Step-by-Step Instructions

  1. In a large bowl, combine the diced cucumber, halved cherry tomatoes, diced bell pepper, and thinly sliced red onion.
  2. Add the Kalamata olives and crumbled feta cheese to the bowl.
  3. In a small bowl, whisk together the olive oil, red wine vinegar, dried oregano, salt, and pepper.
  4. Pour the dressing over the salad and toss gently to combine, making sure everything is well coated.
  5. Sprinkle chopped fresh parsley on top for garnish and serve immediately.
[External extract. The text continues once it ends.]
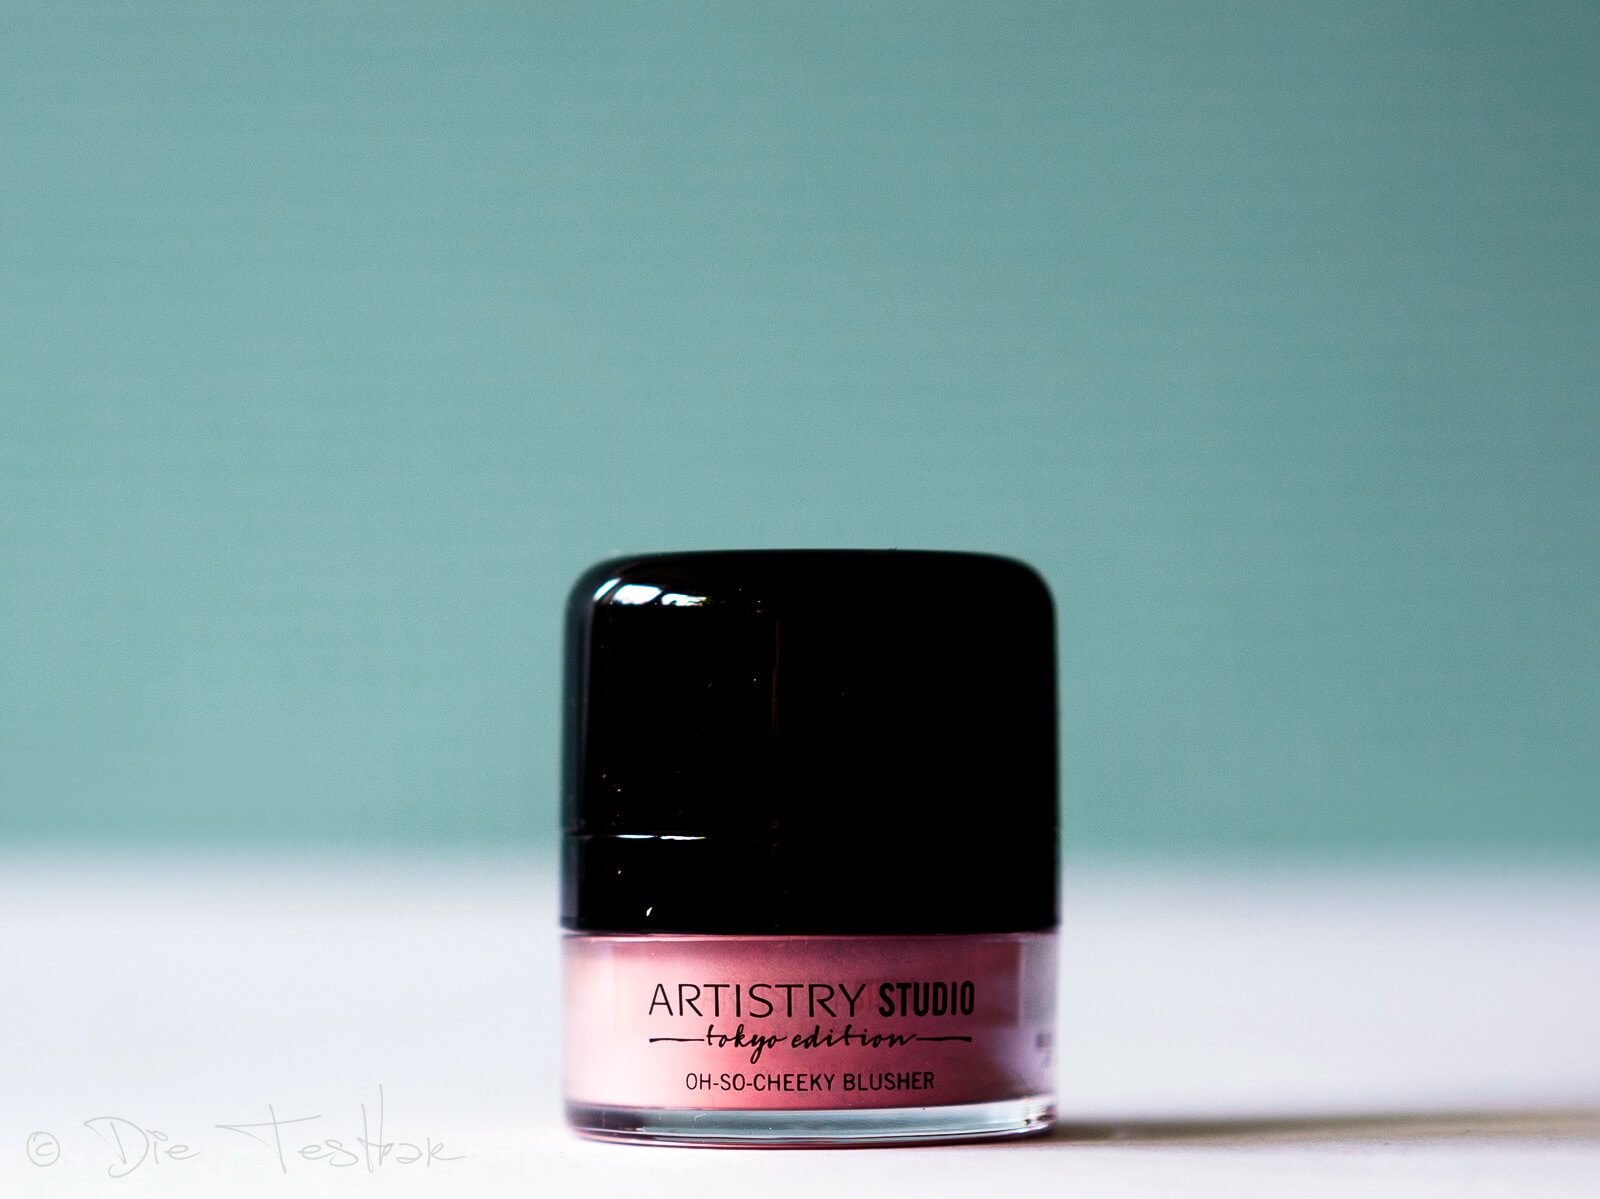 Oh-So-Cheeky Blusher ARTISTRY STUDIO™ Tokyo Edition

Pro Tips & Common Mistakes

  • Make sure the vegetables are chopped uniformly for even flavor distribution.
  • Avoid over-mixing the salad to keep the feta from crumbling too much.
  • If using leftover salad, store dressing separately until serving to prevent sogginess.

Variations

  • Vegan option: Substitute feta with dairy-free feta cheese or avocados.
  • Gluten-free option: This recipe is naturally gluten-free; just ensure your feta is gluten-free.
  • High-protein option: Add cooked chickpeas or black beans for an extra protein boost.
  • Spicy version: Toss in some red pepper flakes or diced jalapeños.
  • Quick 30-minute version: Use pre-diced vegetables from the store.
  • Low-carb version: Skip the olives and use fewer tomatoes while adding more cucumbers.

Serving Suggestions

  • Serve as a light lunch with whole-grain pita bread.
  • Pair it with grilled vegetables or a plant-based protein for dinner.
  • Perfect for meal prep—store in containers for easy grab-and-go lunches.
  • Great option for family gatherings or potlucks.

Storage & Reheating

  • Store in the refrigerator in an airtight container for up to 3 days.
  • For freezing, it’s best to freeze the vegetables separately from the dressing; consume them fresh for optimal taste.
  • Eat cold, as reheating may cause the vegetables to lose their crispness.

Nutrition Information

Approximate per serving (1 cup):

  • Calories: 180
  • Protein: 5g
  • Carbs: 10g
  • Fat: 15g

FAQ Section

  • Can I add other vegetables to this salad? Absolutely! Feel free to customize with your favorite veggie options.
  • How can I make it more filling? Add grains like quinoa or farro to boost the fiber and protein content.
  • Is this salad good to eat the next day? Yes, but it’s best enjoyed fresh to preserve the crunchiness of the veggies.

Conclusion

This Crispy Greek Salad with Feta is a vibrant and refreshing vegetarian dish that’s easy to make and sure to please everyone at your table. Full of color and flavor, it’s a perfect addition to your meal rotation. Give this recipe a try, and let the fresh ingredients speak for themselves!